Аким решил открыться Копотею, рассказать ему о том, что вот нет ни одной весточки от Кати, и не знает он, что с нею, как она там живет, и мучает его эта неизвестность. Уходил в море — больная она была…
Копотей выслушал его молча.
— А ты, Аким, не отчаивайся, — успокоил он. — Такая девушка не разлюбит и не забудет. Ну, а если писем нет — это понятно. Офицеры — и те жалуются, что не получают свежую почту. А нашему брату матросу, кроме всего прочего, письма еще и вредны: чего доброго, узнает кто-нибудь о том, что в России сейчас неспокойно…
Однажды Копотей, когда они были вдвоем, достал из-под форменки какой-то листок, старательно свернутый несколько раз:
— На-ка, почитай. Еще от самого Петербурга берегу!..
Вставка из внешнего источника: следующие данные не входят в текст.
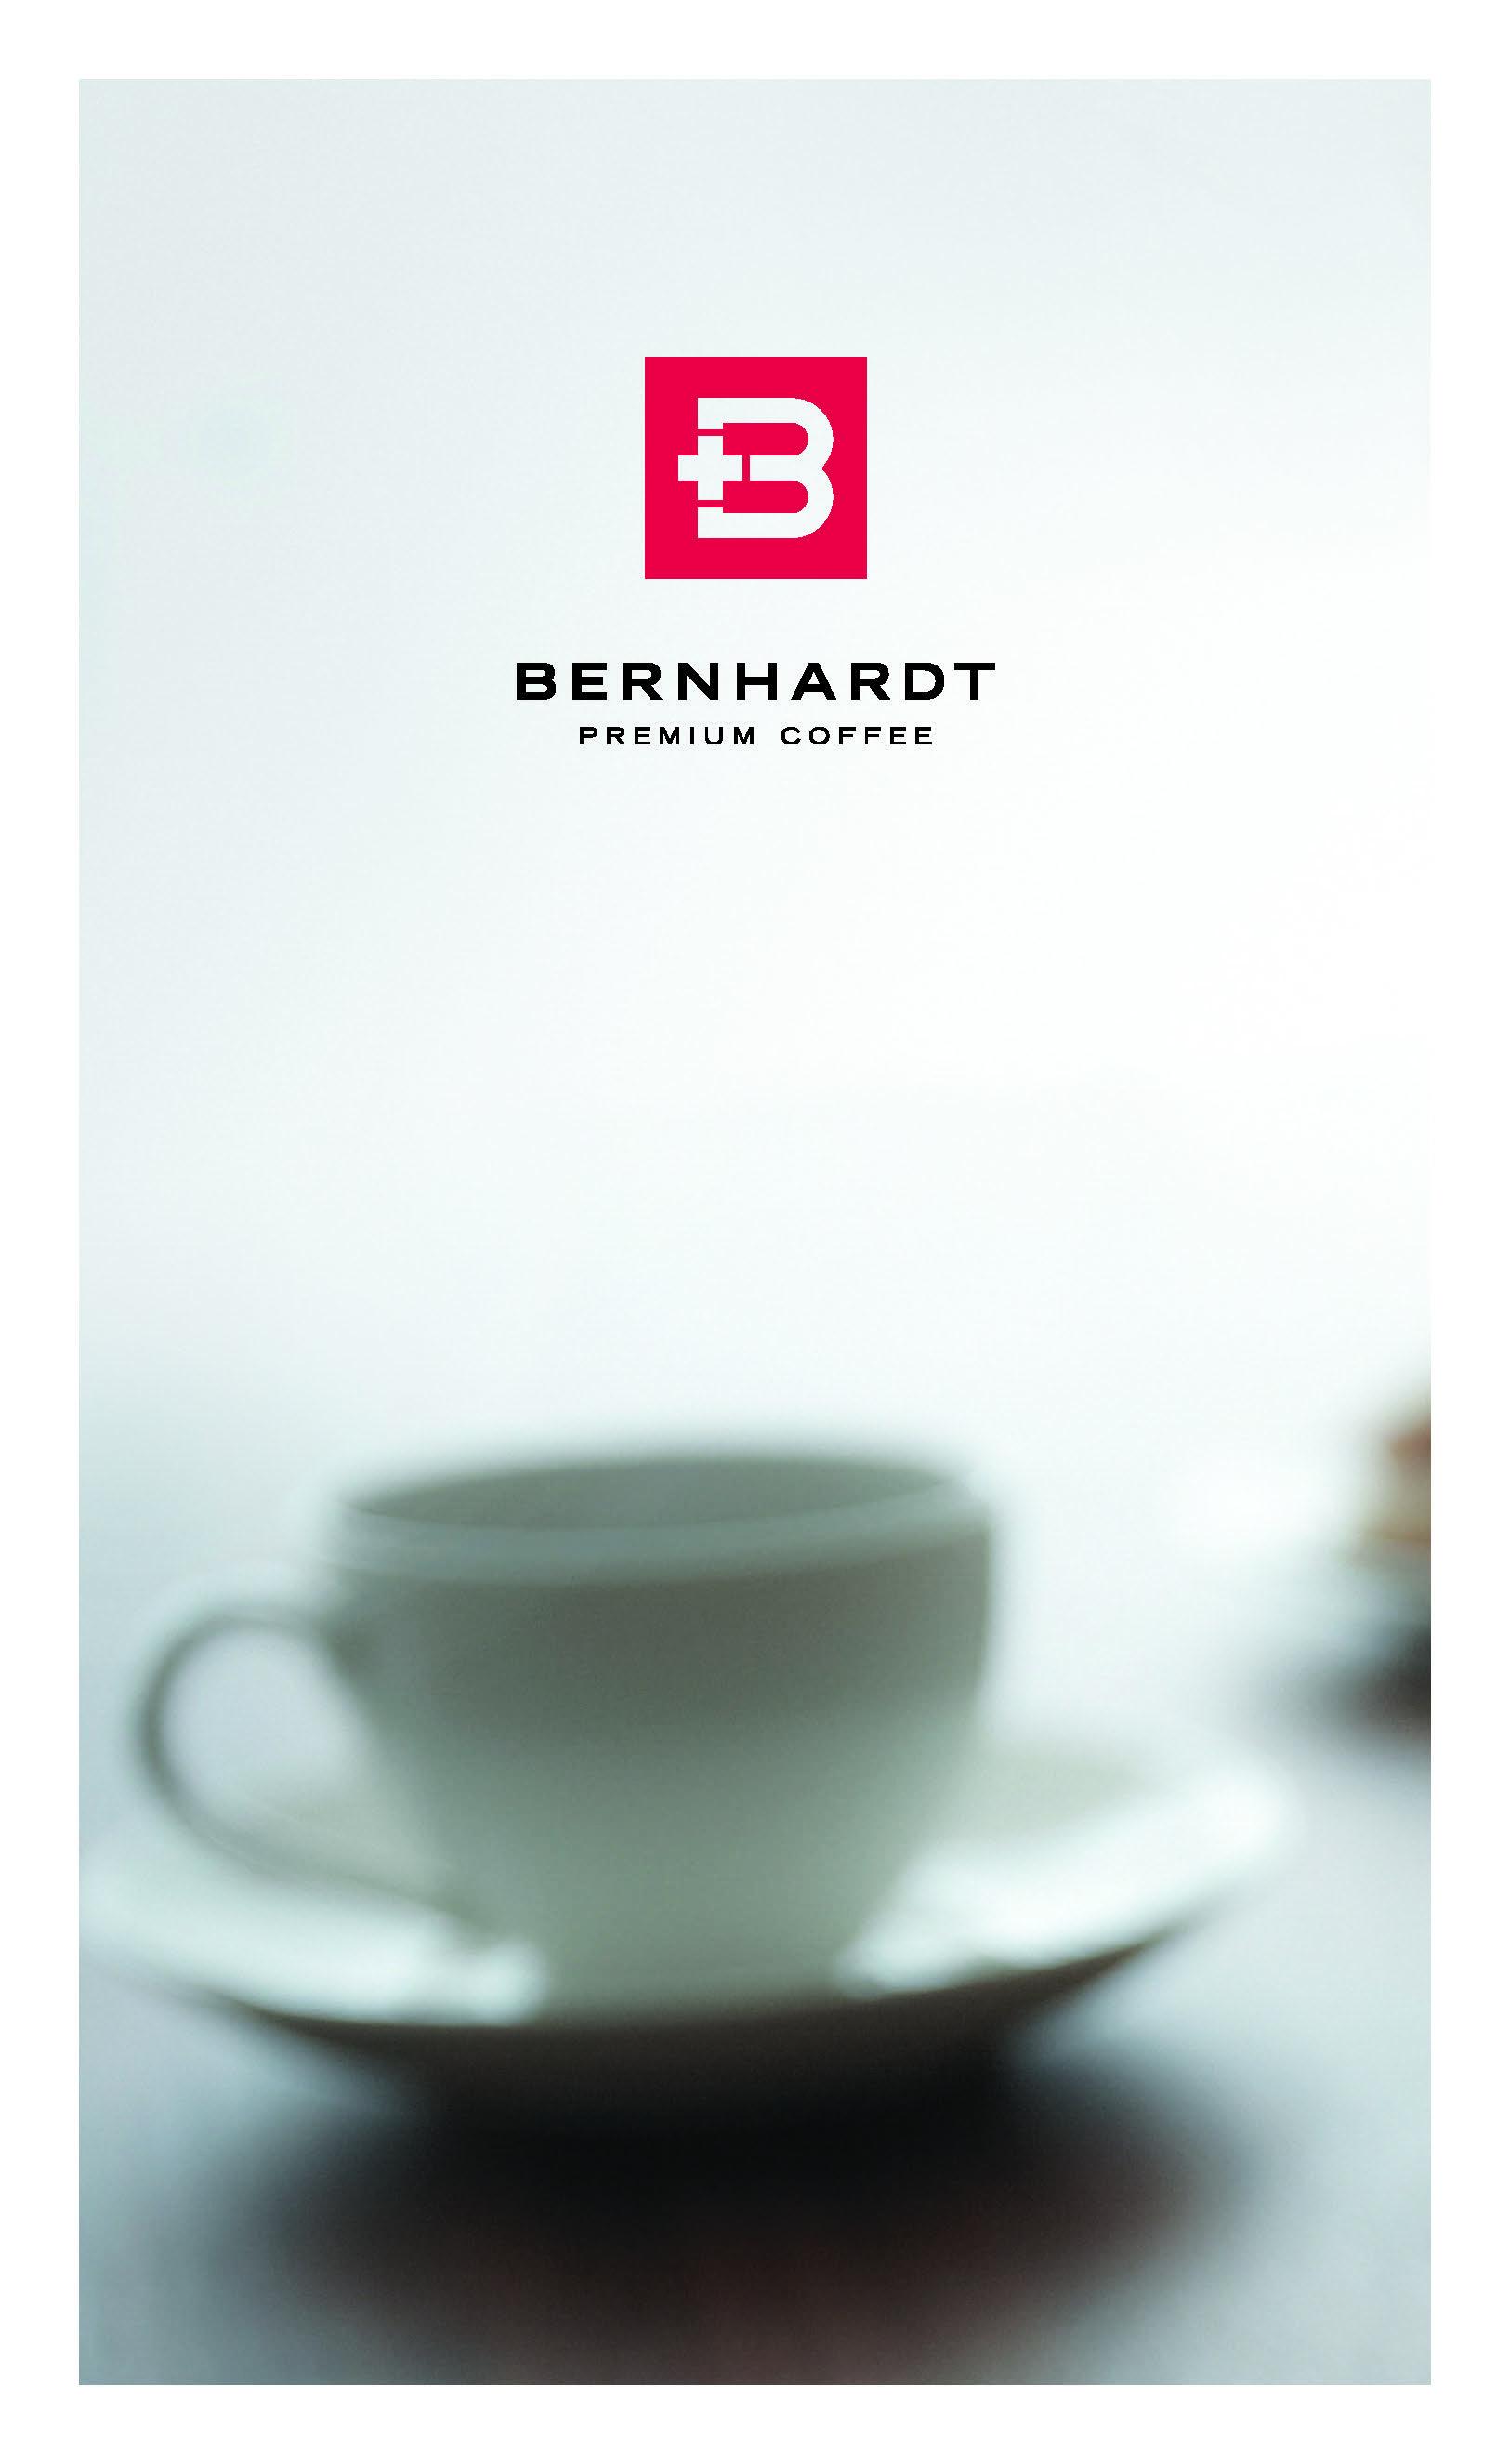 Bernhardt Coffee
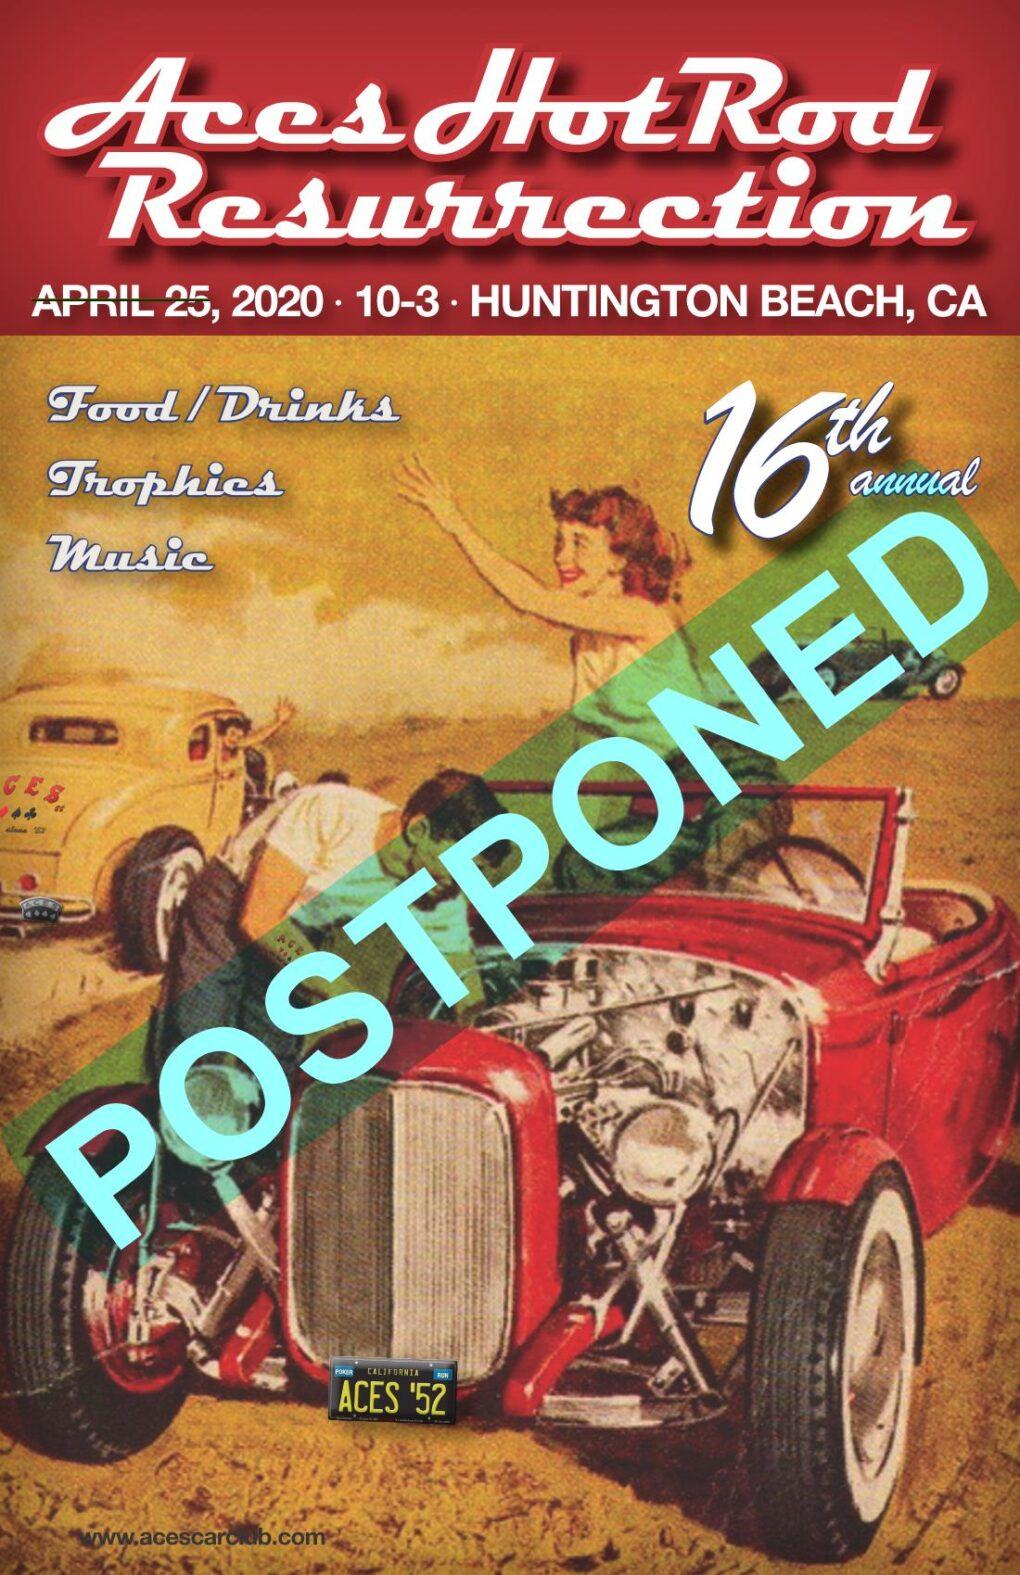 Postponed ACES Car Show

Аким развернул листок, прочел первую строчку: «Пролетарии всех стран, соединяйтесь!»
— Это кто же такие — пролетарии? — с интересом спросил он.
— Ну, люди, у которых нет ничего. Понимаешь: ничего, кроме собственных рабочих рук. Вот как у тебя, например, — пояснил Копотей. — Ни кола ни двора, одни мозоли…
— Что ты! — удивился Аким Кривоносов. — Мы с той поры, как из Киева приехали, кое-какой худобишкой обзавелись. Какой же я… пролетарий? Я самый что ни есть хлебороб.
— Во-от оно что! — насмешливо-добродушно протянул Копотей. — Однако, как говорят у вас на Черниговщине, це дило треба розжуваты… Вот скажи-ка ты мне, хлебороб, земли у тебя много? Небось десятин пятьдесят имеешь?
— Полдесятины… на шесть душ, — глухо отозвался Кривоносов. — И та — один суглинок.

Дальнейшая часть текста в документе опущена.